American actress and singer

Elizabeth Jane Watson (December 28, 1921 – February 21, 2016) was an American actress and singer known for her roles in musical theatre, especially Laurey in Oklahoma!, creating the role in the London premiere. She also performed in nightclubs and on television, including as co-host of the game show Winner Take All.

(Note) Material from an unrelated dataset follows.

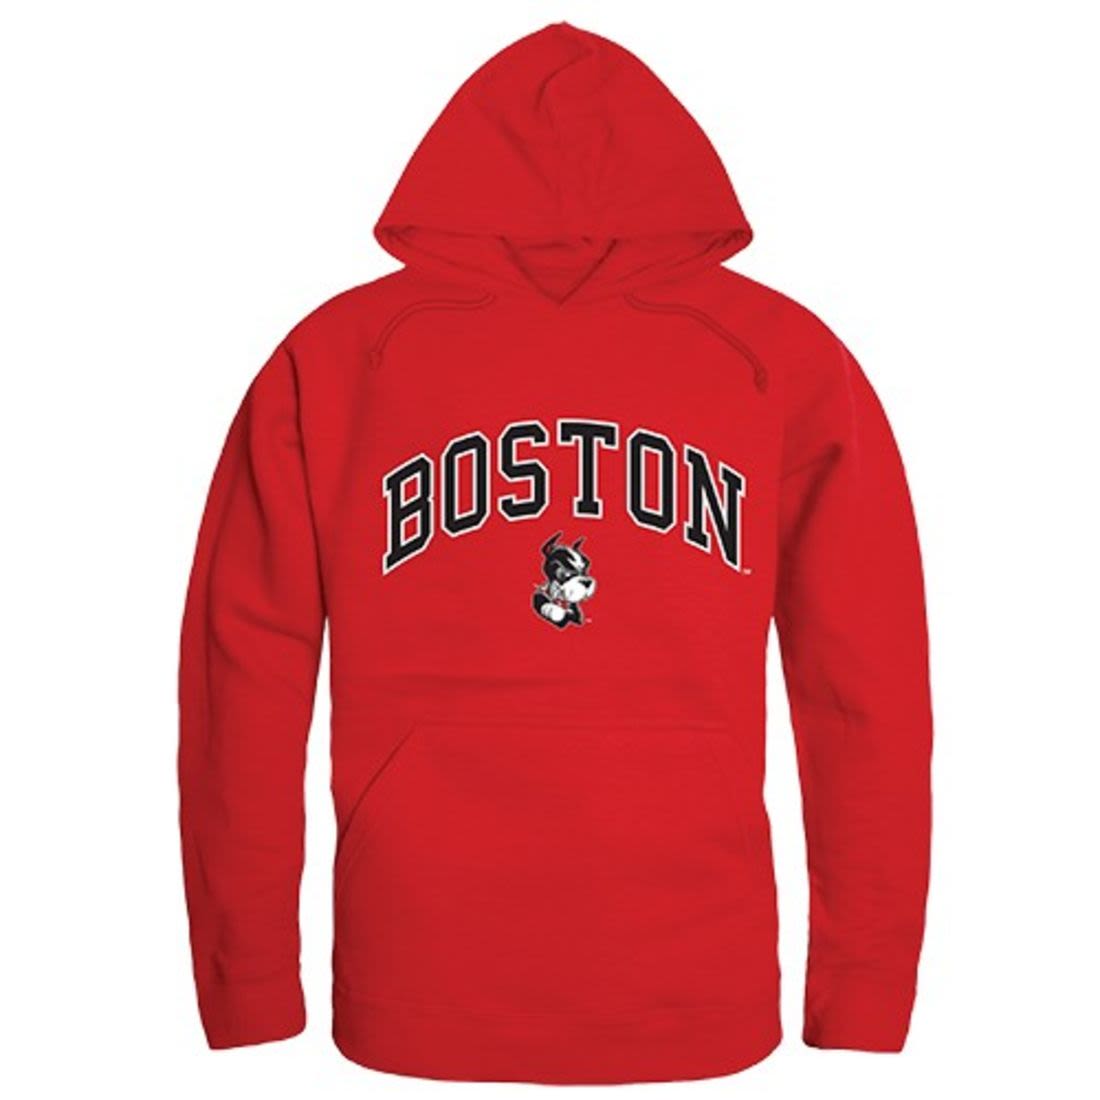 Boston University TerriersÊ Campus Hoodie Sweatshirt Red-Campus-Wardrobe

==Early life and marriages==
Watson was born and raised in Le Roy, Illinois, near Bloomington, the daughter of James R. Watson and his wife Elizabeth Jane, née Stapleton. She attended Lincoln Junior High School in Rockford, Illinois, and later the American Conservatory of Music, in Chicago, where she majored in vocal performance. Her cousin was Jean Stapleton. In 1944, she married actor Gerald L. Austensen (1924–2007), who performed with her in nightclub acts. The couple had three children, Cynthia Ruhlig, Deena Court and Deborah Austensen Martin. They divorced in 1961. In 1962 she married Salvatore Santacroce.

==Career==
Watson met Tony Martin at age 16, while she was performing in Chicago at radio station WROK. He immediately invited her to sing with his band the same evening. After her family moved to Chicago, she continued to sing with bands at clubs and hotels, including at the Palmer House.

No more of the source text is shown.